(Problem details): Copy the data below exactly, omitting any picture it contains.

(Recorded data):

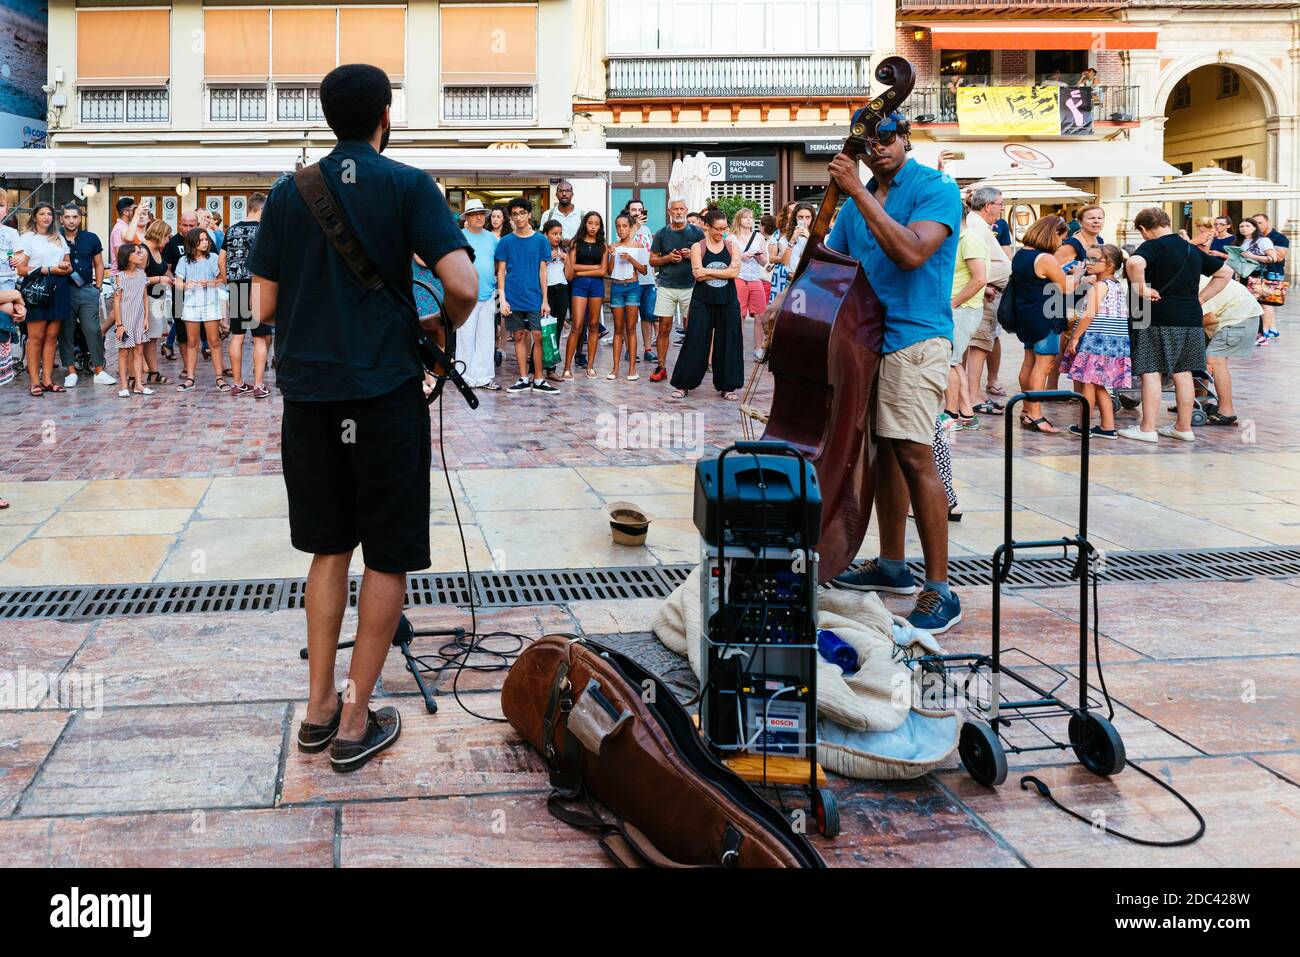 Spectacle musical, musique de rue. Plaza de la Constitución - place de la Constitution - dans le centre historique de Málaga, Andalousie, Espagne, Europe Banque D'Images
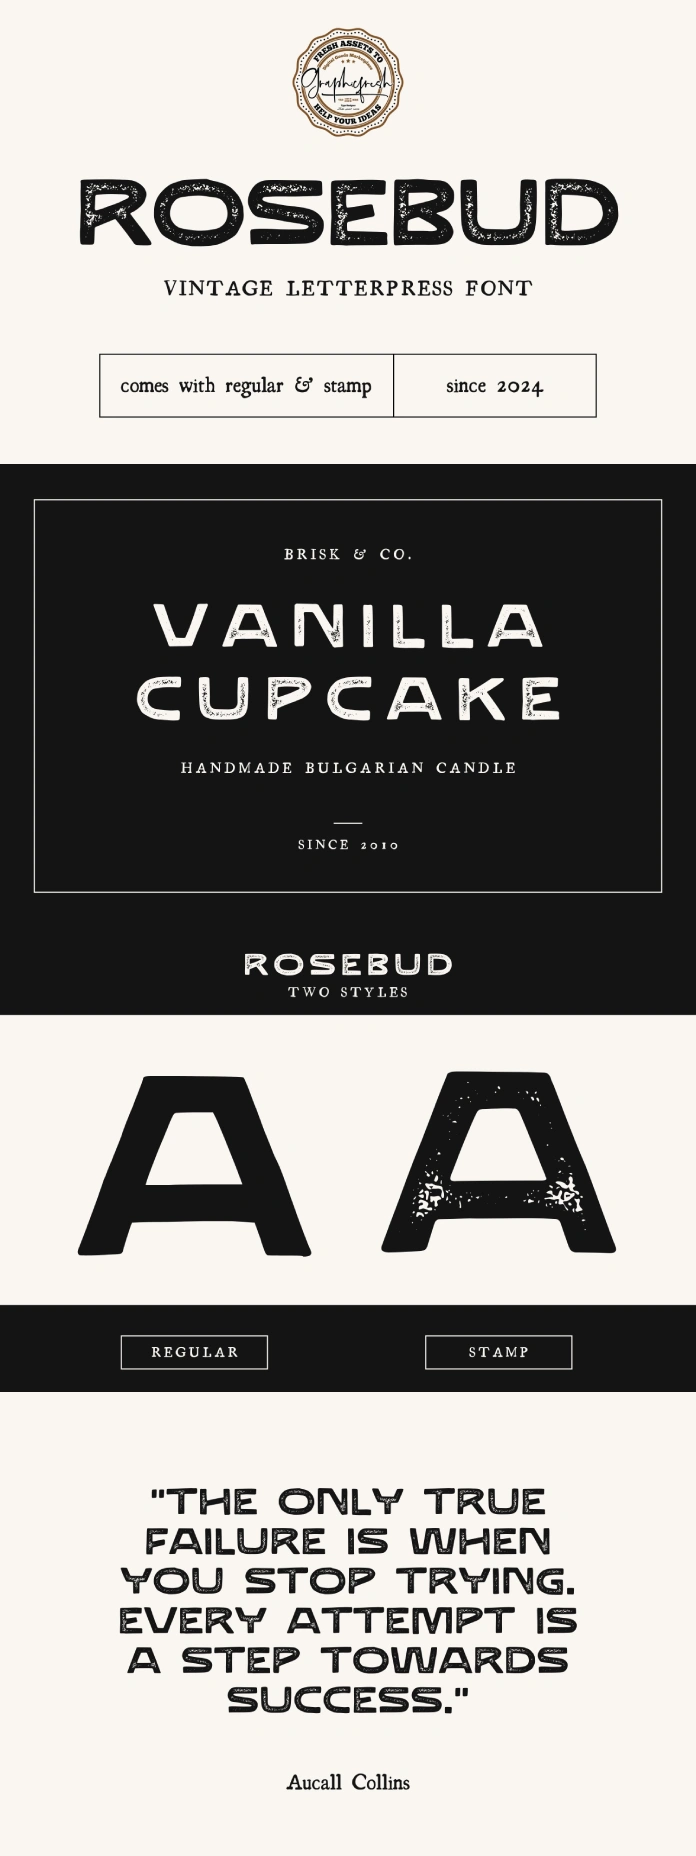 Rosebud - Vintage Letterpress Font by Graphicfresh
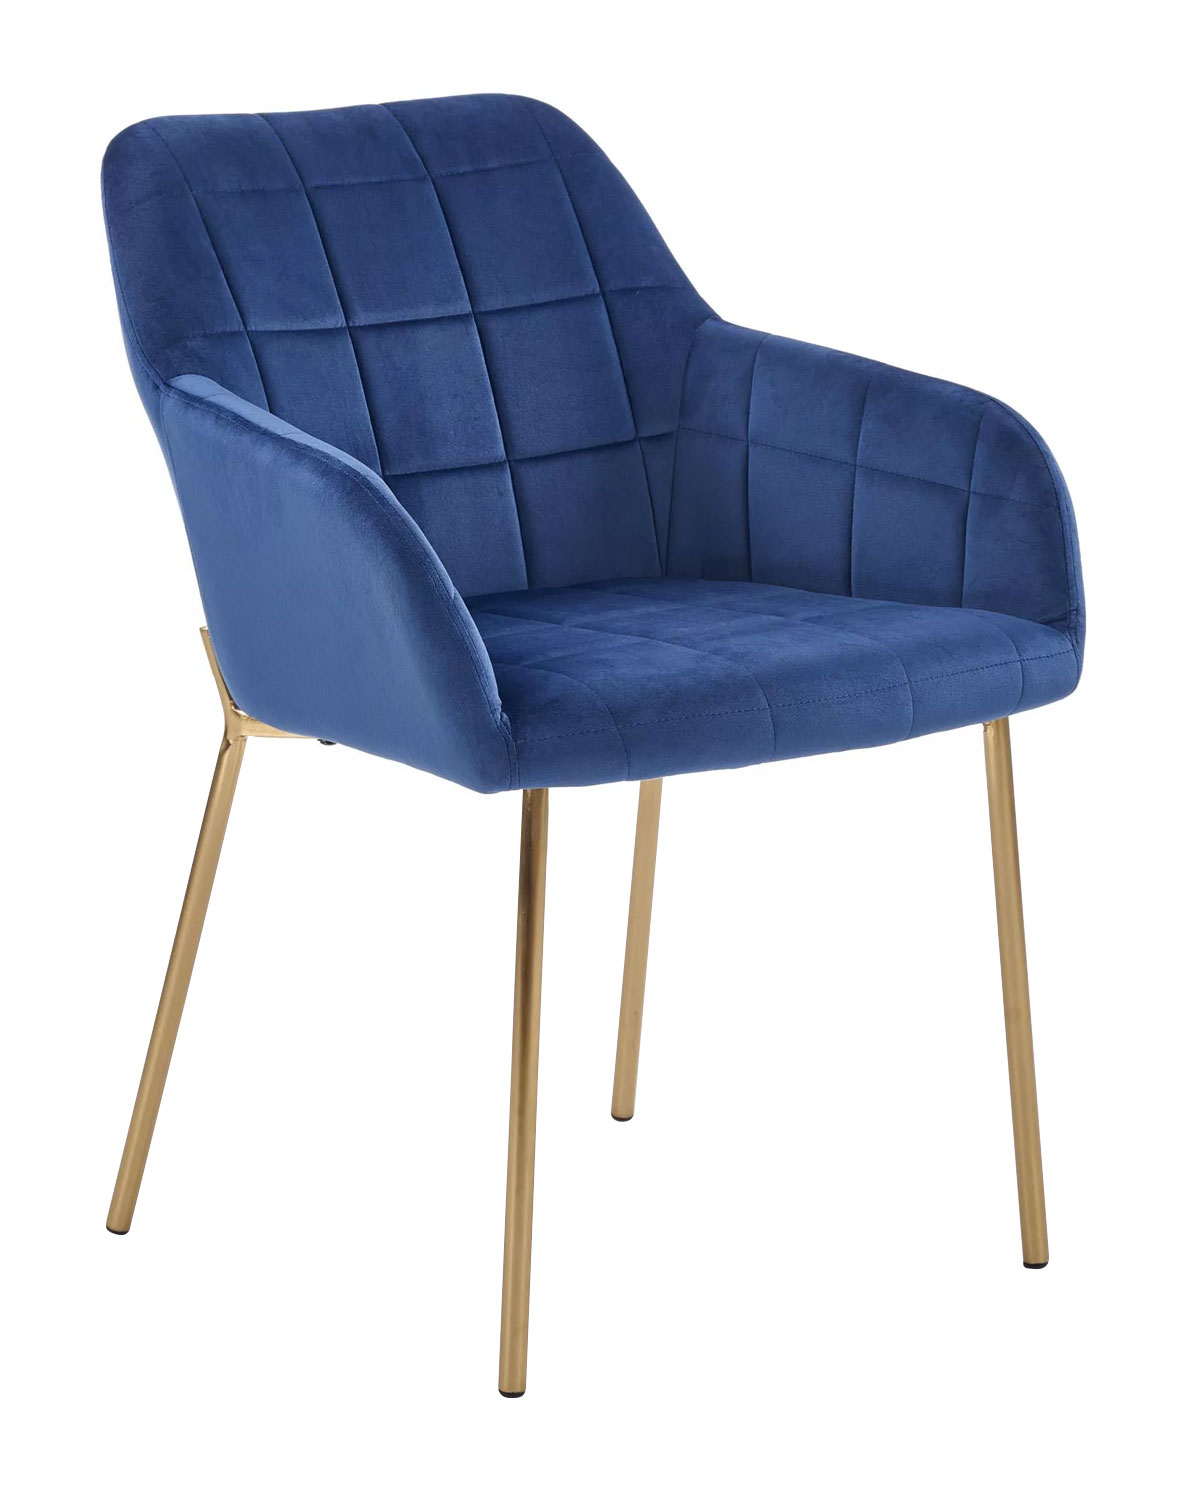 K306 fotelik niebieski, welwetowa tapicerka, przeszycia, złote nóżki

(Task answer):
 Spectacle musical, musique de rue. Plaza de la Constitución - place de la Constitution - dans le centre historique de Málaga, Andalousie, Espagne, Europe Banque D'Images
 Rosebud - Vintage Letterpress Font by Graphicfresh
 K306 fotelik niebieski, welwetowa tapicerka, przeszycia, złote nóżki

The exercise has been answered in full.